Первыми дискурсивно разработанными концепциями «политического» мы обязаны номос-мышлению (Nomosdenken) Израиля, Китая, Греции и, если обобщать, когнитивному прогрессу осевого времени, то есть метафизическим и религиозным мировоззрениям, возникшим в то время. Эти мировоззрения задали перспективы, позволившие возникающим интеллектуальным элитам, состоящим из пророков, мудрецов, монахов и странствующих проповедников, выйти за пределы событий мира, в том числе и за пределы политических процессов, и занять по отношению ко всем ним в целом отстраненную позицию. С тех пор политические правители также оказались открытыми для критики. Отсылка к божеству по ту сторону этого мира или же к внутренней основе космического закона освобождает человеческое сознание от власти нарративно упорядоченного потока происшествий, управляемого мифическими силами, и делает возможным индивидуальный поиск спасения.

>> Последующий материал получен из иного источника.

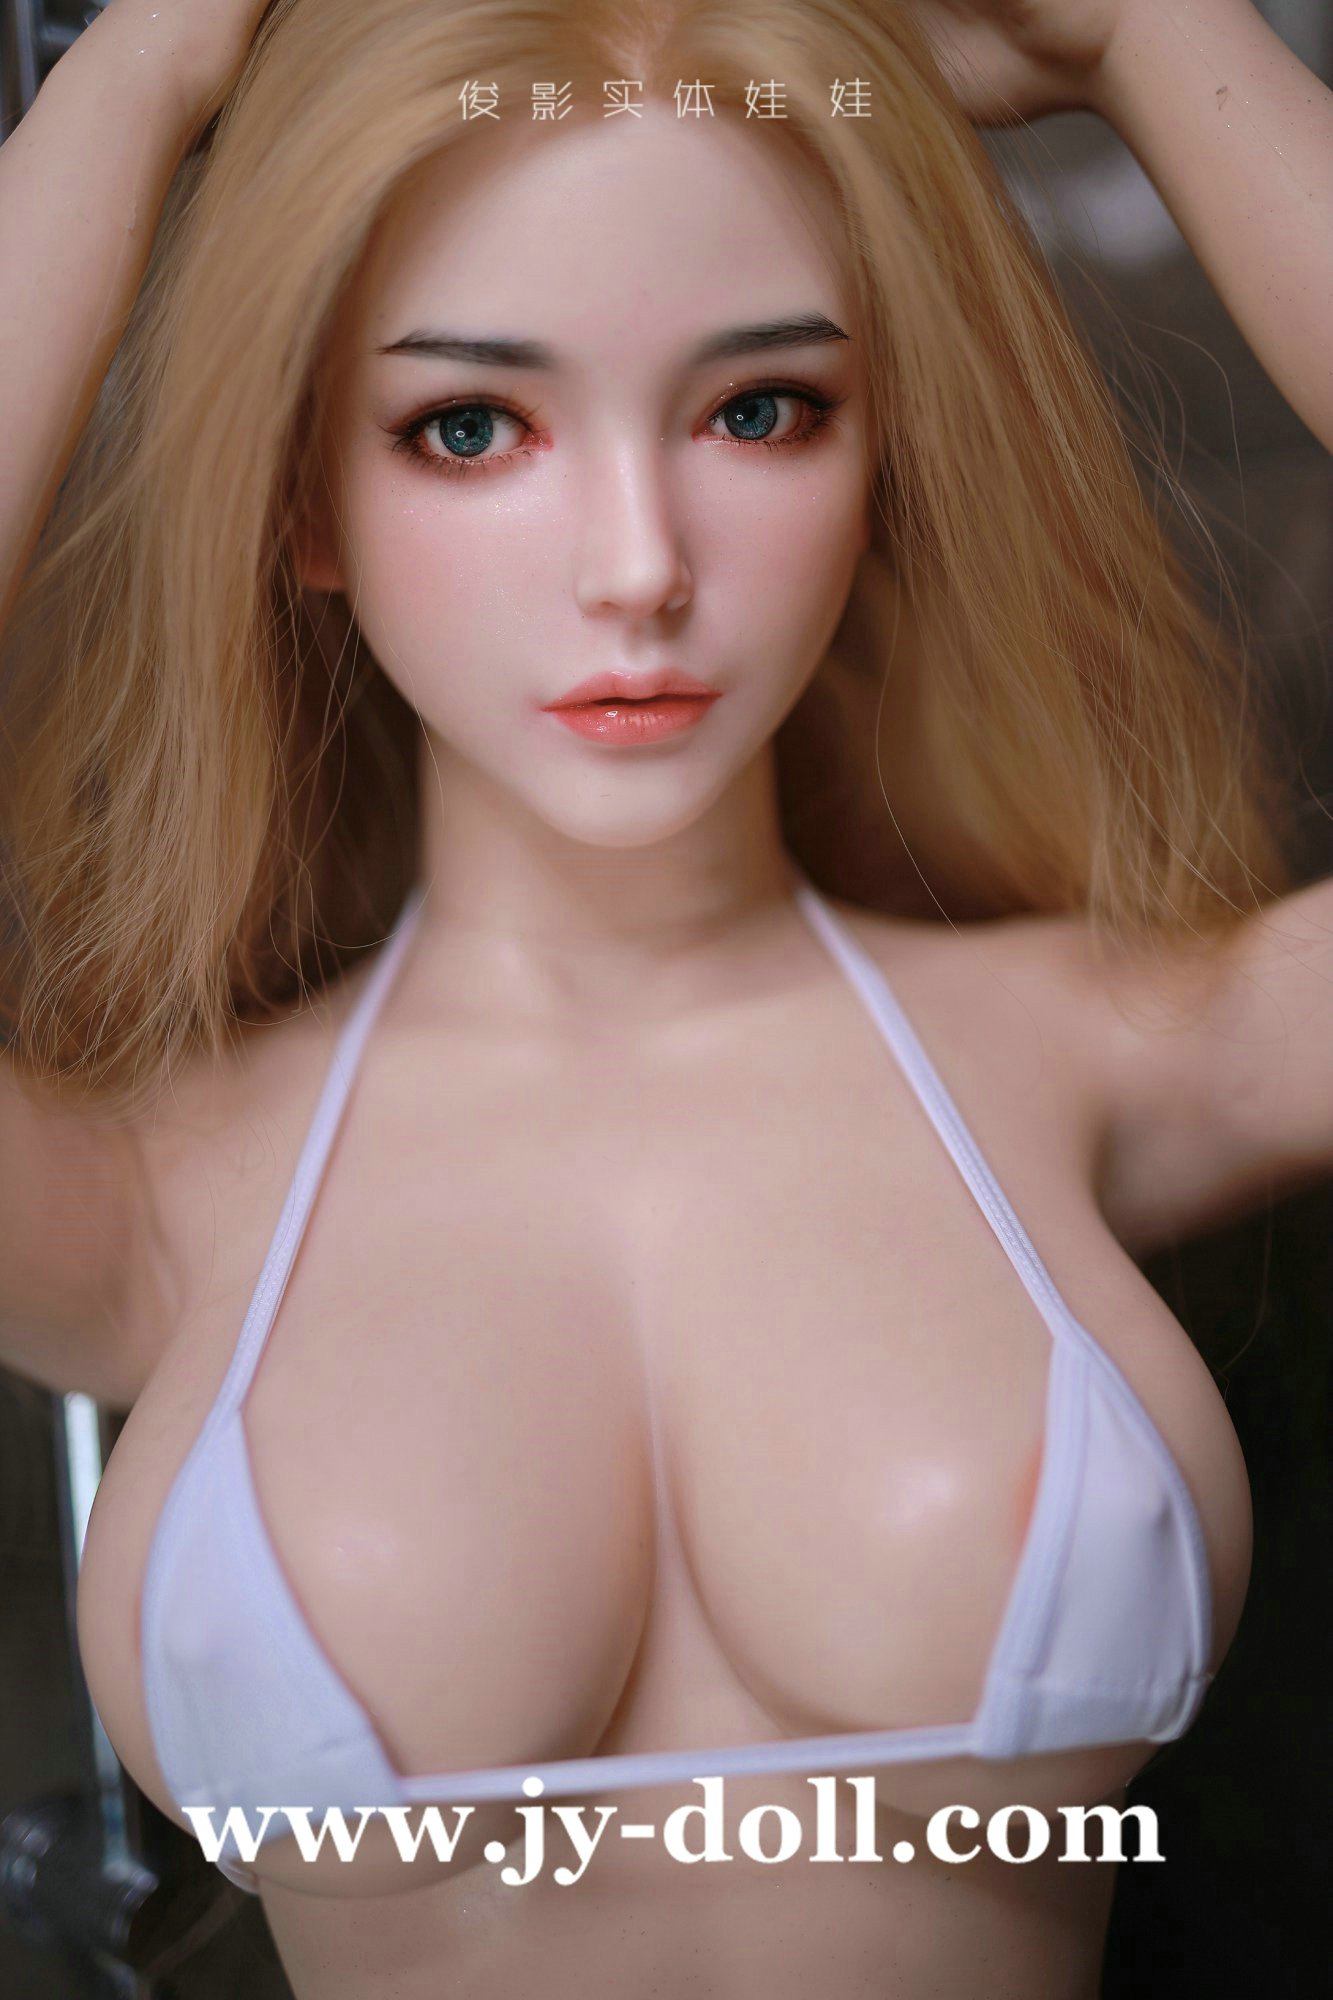 JY Doll 163cm full silicone doll Natali sex toy

После того, как эта трансформация случилась, правитель уже больше не мог восприниматься как манифестация божественного, отныне он являлся лишь его человеческой репрезентацией. Отныне он как человеческая личность точно также подчинен номосу, в понятиях которого должны оцениваться все человеческие действия. Поскольку осевые мировоззрения делают возможными как легитимацию, так и критику политической власти, "политическое" в древних империях было ознаменовано амбивалентным напряжением между религиозными и политическими властями. Несмотря на то, что религиозно подкрепленной верой в легитимность можно достаточно легко манипулировать, она никогда не оказывается полностью в распоряжении правителя. Этот хрупкий баланс может быть изучен на примере взаимоотношений между императором и папой в Средние века. Подобный смелый исторический скачок очерчивает тот широкий промежуток времени, во время которого разговор о «политическом» имел отчетливый смысл, под «политическим» понимался символический порядок коллективной саморепрезентации политических сообществ в зеркальном образе правителей, власть которых легитимировалась некоей сакральной властью.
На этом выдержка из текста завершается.